From Global Conflict to Calgary Housing: Why Alberta’s Economy Matters for Real Estate

Economic shockwaves don’t arrive politely. They hit fast, scramble assumptions, and force markets into scenario mode. In the opening months of 2026, that’s exactly what has happened. The Middle East conflict has disrupted energy flows through the Strait of Hormuz, a route that carries more than one-fifth of global oil supply, and oil prices have spiked sharply as a result. Reuters reported this week that WTI traded above US$90 and Brent near US$94 as the strait’s disruption stranded flows and rattled markets. At the same time, U.S. payrolls fell by 92,000 and unemployment rose to 4.4%, adding another layer of fragility to the global backdrop.

For Alberta, this is a familiar paradox. Global instability is a human tragedy first, but economically it also reinforces the province’s role as a reliable, democratic energy producer. ATB Cormark’s recent “Northern Pivot” note argues that the crisis has sharpened attention on Canada’s long-duration oil and gas assets at exactly the moment energy security is back at the center of global decision-making. That matters for Calgary real estate, because capital flows, business confidence, and employment expectations are all influenced by how investors view Alberta’s place in the energy map.

But oil alone won’t carry the next chapter of growth. That is the deeper lesson beneath the headlines. Canada’s economic problem is not simply demand, sentiment, or geopolitics. It is an investment. The country has struggled to build productive capacity, and weak business investment has dragged on competitiveness, wages, and GDP per capita. Recent Canadian research has highlighted the same pattern: capital per worker has been shrinking, undermining productivity growth.

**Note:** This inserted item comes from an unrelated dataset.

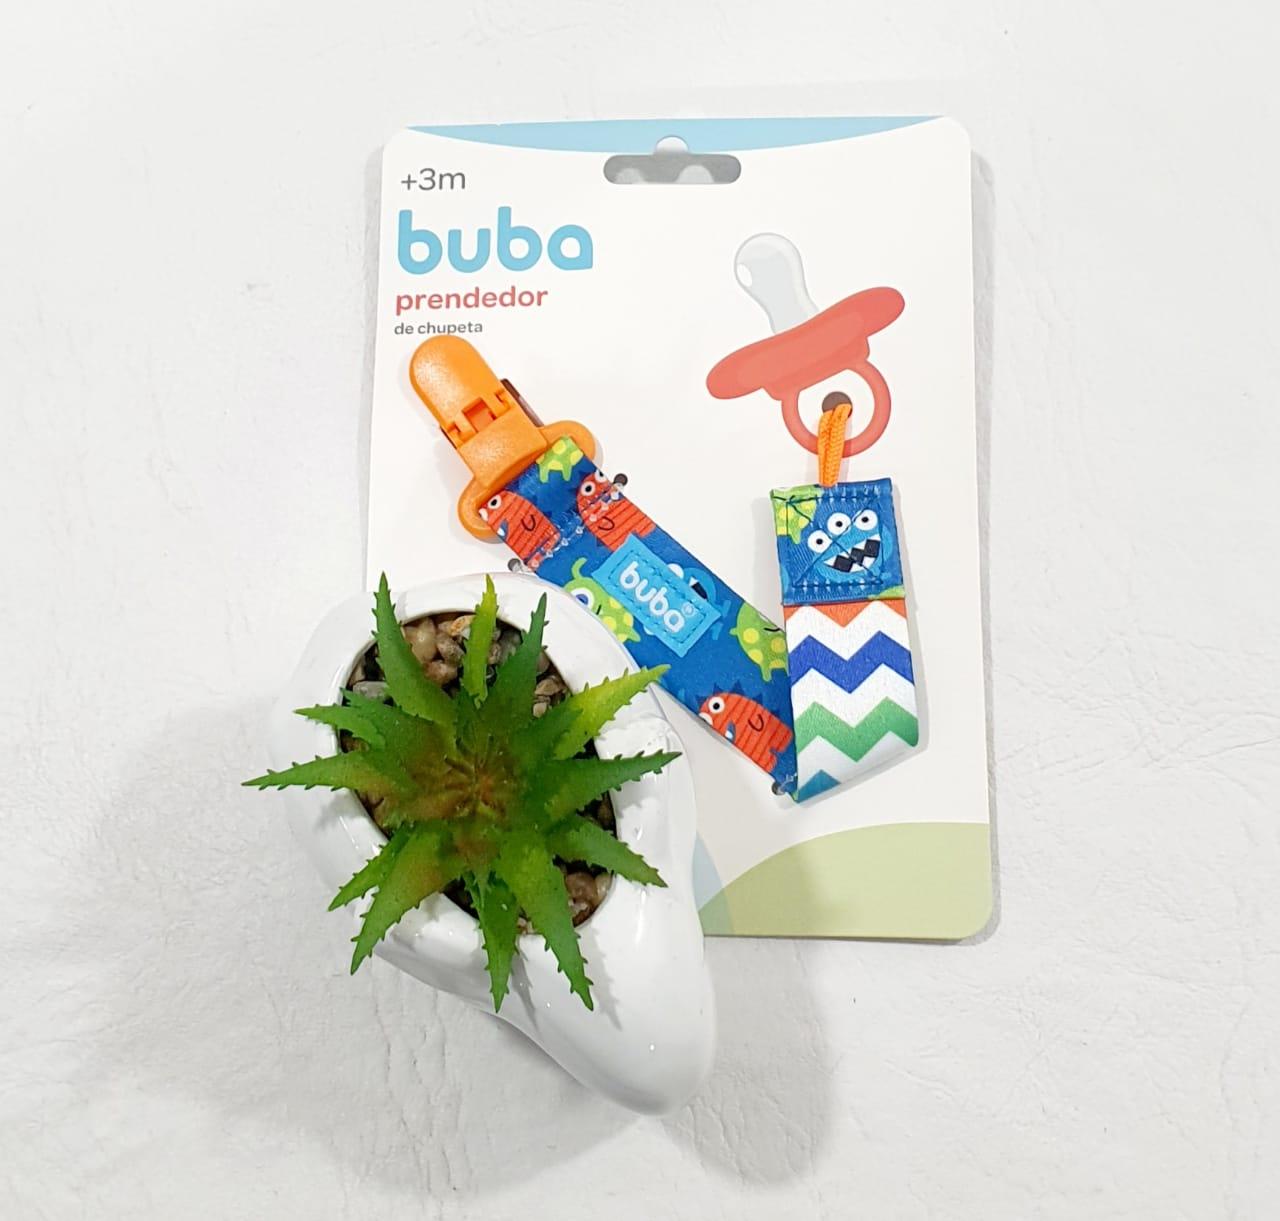 Prendedor de Chupeta- Buba

For buyers, sellers, and investors in Calgary, this creates a market that rewards clarity over emotion. Alberta may benefit from renewed energy relevance, but the stronger long-term story lies in building capacity: infrastructure, exports, major projects, and productive investment. In real estate, that means the best opportunities will continue to cluster around places and asset types tied to durability, not hype.

This isn’t just a week of volatility. It’s a reminder that in uncertain times, the markets that win are the ones that can still build.